我们知道 Givens 旋转是一个稀疏矩阵,写为:
要在 matlab 中执行乘法 A'RA,我们可以执行以下快速实现:
%Fast implementation
ci = R(:,ik)*(cos(theta))+R(:,jk)*(sin(theta)); % R*A
cj = R(:,jk)*(cos(theta)) - R(:,ik)*(sin(theta));
R(:,ik) = ci;
R(:,jk) = cj;
ri = R(ik,:)*(cos(theta))+R(jk,:)*(sin(theta)); % A'*R*A
rj = R(jk,:)*(cos(theta)) - R(ik,:)*(sin(theta));
R(ik,:) = ri;
R(jk,:) = rj;
但是我不明白他们是怎么写这个Matlab代码的。换句话说,我不明白这个 Matlab 代码如何应用乘法 A'RA。请问有人可以帮助我理解这段代码吗?
一个可能的混淆来源是 Givens 旋转矩阵中的符号, 或 我们需要转置的一侧,在您的示例中是错误的。
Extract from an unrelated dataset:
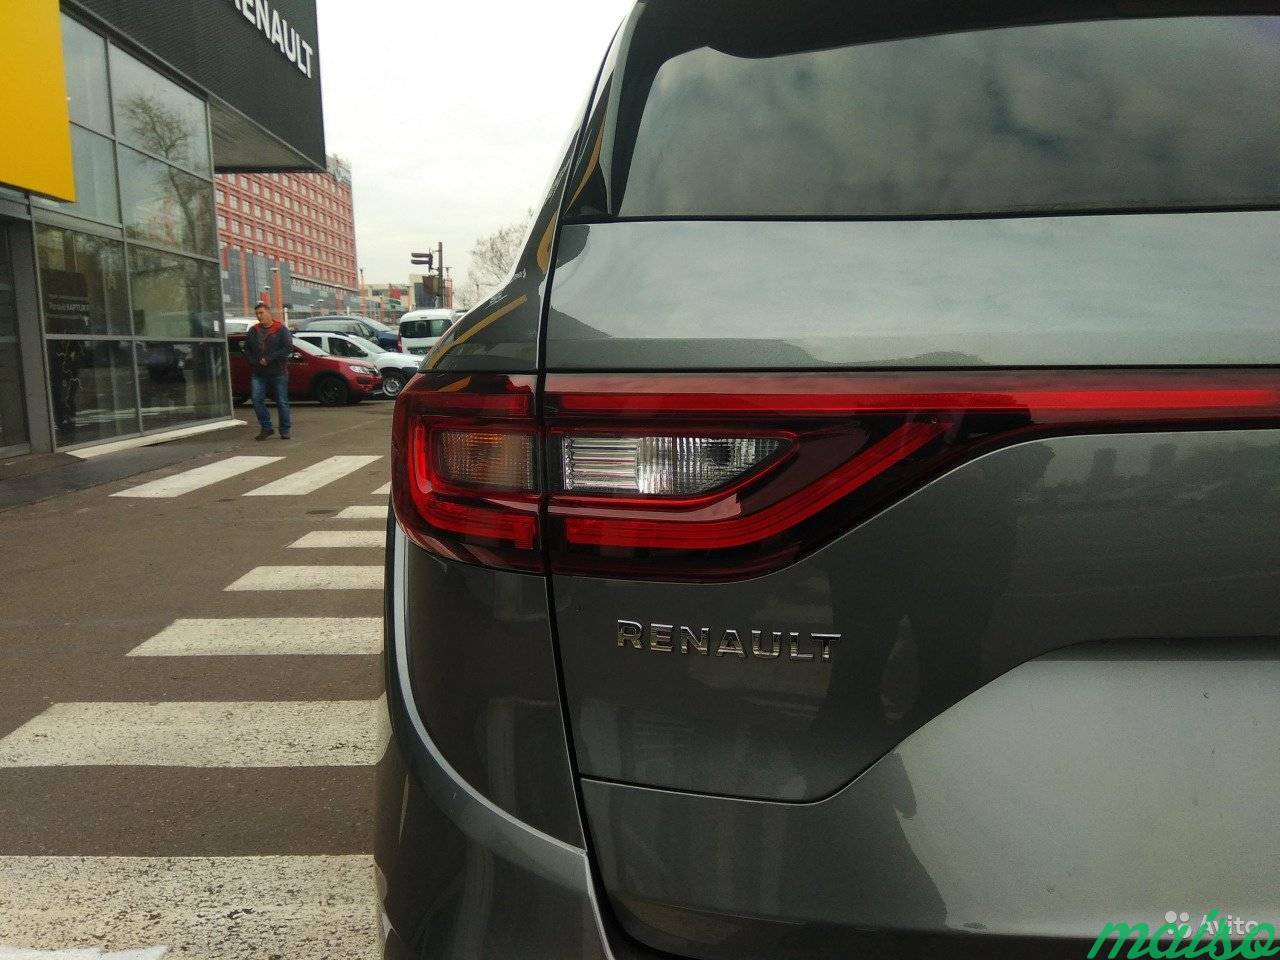 Renault Koleos 2.0 AT, 2018, внедорожник в Санкт-Петербурге. Фото 12

我将假设后者:我将使用与您定义的相同的 A
矩阵,但使用 A*R*A'
进行变换(将 A
更改为转置相当于采用相反的旋转角度符号)。
该算法相对简单。对于初学者,如代码中的注释所示,转换分两步执行:
Rnew = A * R * A' = A * (R * A')
首先,我们计算R*A'
。为此,想象一下变换矩阵 A = I + M
和 Givens 旋转矩阵 M
。您显示的公式基本上是 "Take a unit matrix, except for 2 specified dimensions in which you rotate by a given angle"。这是一个小问题的完整 A
矩阵的样子(6d 矩阵,ik=2
,jk=4
,完整和稀疏形式):
可以看到除了(ik
,jk
)的2d子空间,这个矩阵都是单位矩阵,其他维度都保持原样。因此 R*A'
的操作将导致 R
每个维度 除了 列 ik
和 jk
.
在这两列中,R*A'
的结果是 R(:,ik)
和 R(:,jk)
与这些三角系数的线性组合:
[R*A'](:,ik) = R(:,ik)*cos(theta) + R(:,jk)*sin(theta)
[R*A'](:,jk) = -R(:,ik)*sin(theta) + R(:,jk)*cos(theta)
其余列保持不变。如果您查看您引用的代码:这正是它正在做的事情。根据定义,这就是 R*A'
对上面显示的 A
矩阵的含义。所有这一切都意味着 A
矩阵是除 2d 子空间之外的单位矩阵。
下一步非常相似:使用这个新的 R*A'
矩阵,我们从 左边 乘以 A
。同样,大多数维度(行,这次)的效果将是相同的,但在行 ik
和 jk
中,我们再次得到线性组合:
[A*[R*A']](ik,:) = cos(theta)*[R*A'](ik,:) + sin(theta)*[R*A'](jk,:)
[A*[R*A']](jk,:) = -sin(theta)*[R*A'](ik,:) + cos(theta)*[R*A'](jk,:)
注意到代码在第一步之后用 R*A'
覆盖了 R
矩阵,再次清楚地表明在 "fast implementation" 代码中执行了相同的操作。
免责声明:A'
是matlab中的伴随(共轭转置),所以你应该用A.'
来指代转置。对于复杂的矩阵有很大的不同,人们在最终遇到复杂的矩阵时常常忘记使用适当的转置。